Figure 1 Activities of key enzymes of carbohydrate metabolism associated with sugar phosphorylation pathways. Enzyme activities from two independent experiments (green dot, EXP1; blue dot, EXP2) after transient transformation of N. benthamiana with different effector constructs in inoculated leaves 14 days after transformation compared with the control are shown in the left subpanels. Enzyme activities of grapevine along with transcript abundance of samples infected with ‘Ca. P. solani’ before (early) and after (late) symptom development compared to control samples are shown in the right subpanels. Transcript levels (Dermastia et al., 2021) correspond to the following genes: Vitvi04g01633 for UDP-glucose pyrophosphorylase, Vitvi01g00455 for phosphoglucomutase, Vitvi18g00504 for phosphoglucoisomerase, and Vitvi09g01500 for aldolase. Enzyme activity levels are shown as log2FC values; dashed gray line indicates no difference compared to the control.
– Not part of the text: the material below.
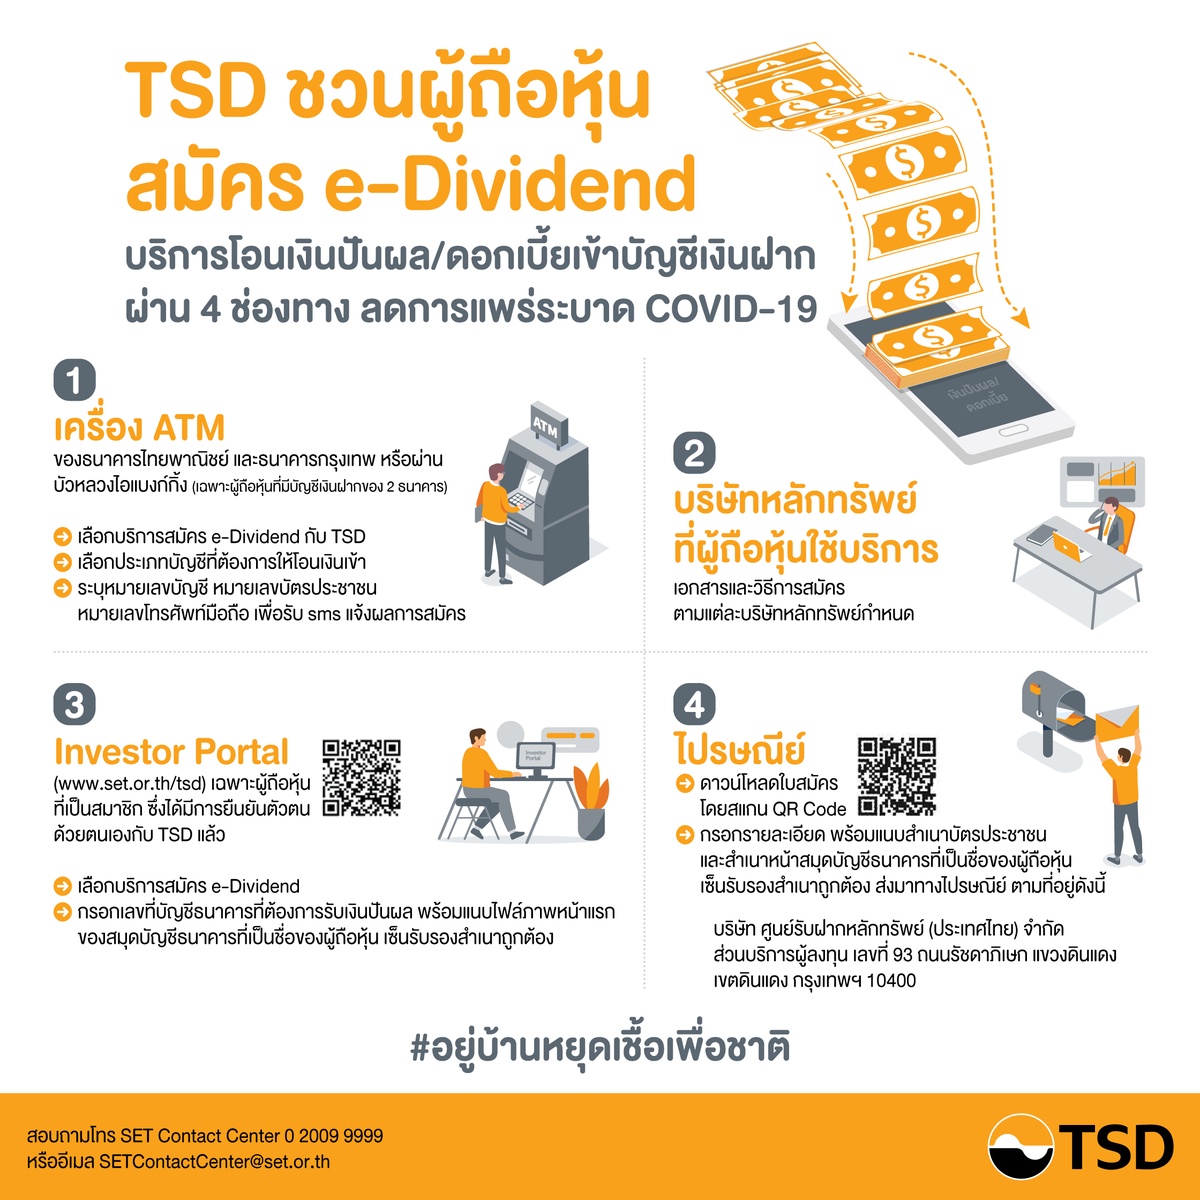 ลาดหลักทรัพย์แห่งประเทศไทย ขอนำส่งข่าวสั้น TSDเชิญชวนผู้ถือหุ้นสมัครใช้บริการ e-Dividendผ่านออนไลน์ ลดการแพร่ระบาดโรคCOVID-19

Figure 2 PoStoSP28 interacts with grapevine phosphoglucomutases in planta. Co-immunoprecipitation assay results, showing the interaction between PoStoSP28 and VvPGM1 and VvPGM2. The combination of YFP- and HA-tagged proteins expressed in N. benthamiana is indicated for each sample (+/−). Positive interactions were determined by detection of immunoprecipitated (GFP-IP) complexes with anti-HA antibodies (asterisks). Detection of YFP-tagged PoStoSP28 with anti-GFP antibodies in GFP-IP samples and detection of proteins with anti-GFP and anti-HA antibodies in leaf protein extracts (input) are shown as controls. Negative controls for GFP are shown in Supplemental Figure S3. The arrows indicate the expected bands.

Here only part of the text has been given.